Advantages of MP telemetry include increased depth capability, no dependence on earth formation, and current strong market acceptance. Disadvantages include many moving parts, difficulty with lost circulation material (LCM) usage, generally slower baud rates, narrower bandwidth, and incompatibility with air/underbalanced drilling which is a growing market in North America. The latter is an issue as the signals are substantially degraded if the drilling fluid inside the drill pipe contains substantial quantities of gas. MP telemetry also suffers when there are very low flow rates of mud, as low mud flow rates may result in too low a pressure differential to produce a strong enough signal at the surface.

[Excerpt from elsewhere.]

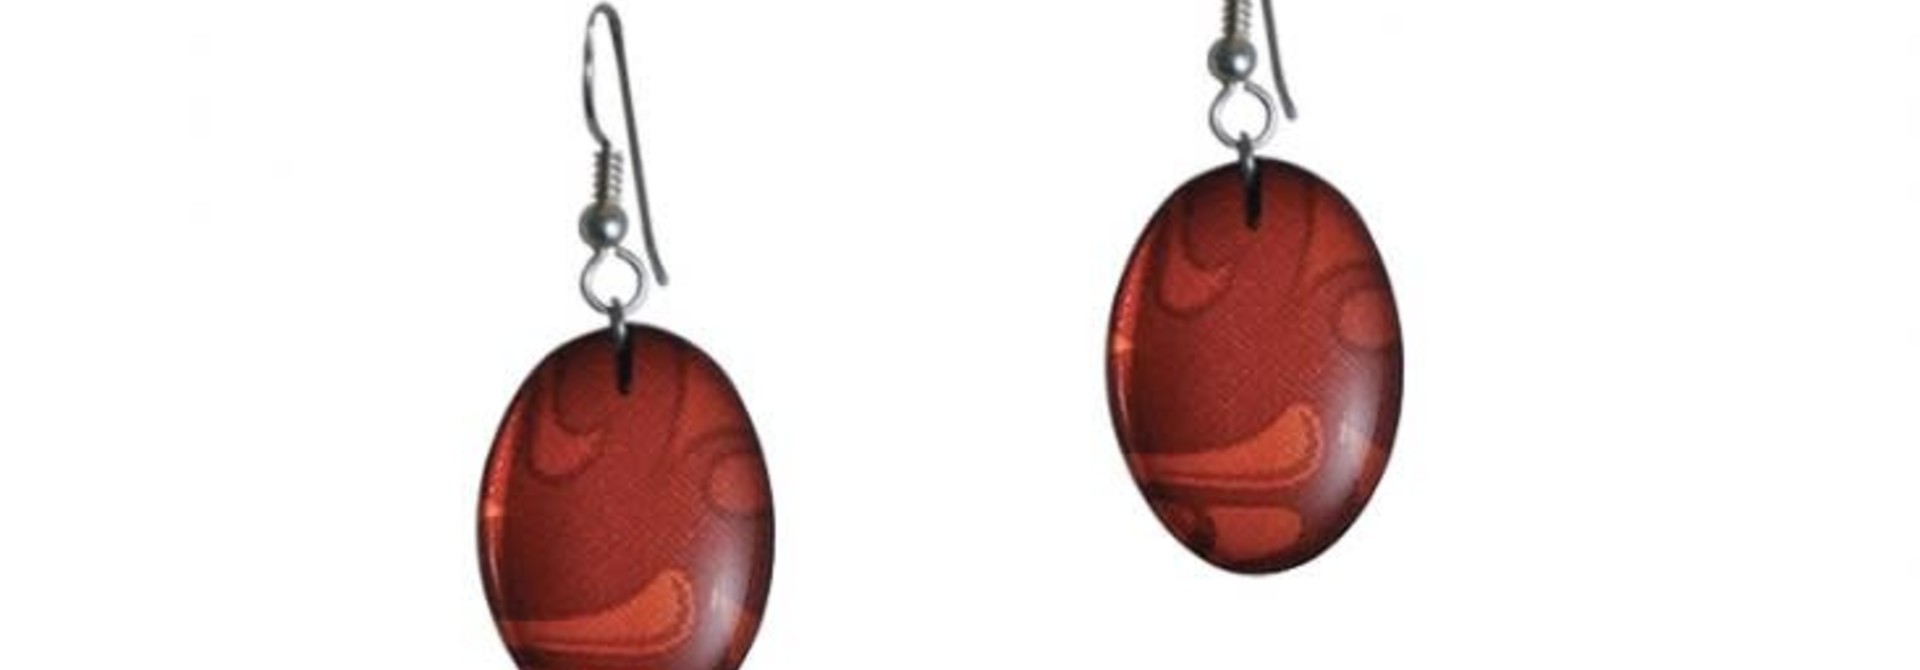 Corrine Hunt Silk Inspiration Oval Earrings Red

There are also a number of disadvantages of current MP generators, that include limited speed of response and recovery, jamming due to accumulation of debris which reduces the range of motion of the valve, failure of the bellows seal around the servo-valve activating shaft, failure of the rotary shaft seal, failure of drive shaft components, flow erosion, fatigue, and difficulty accesses and replacing small parts.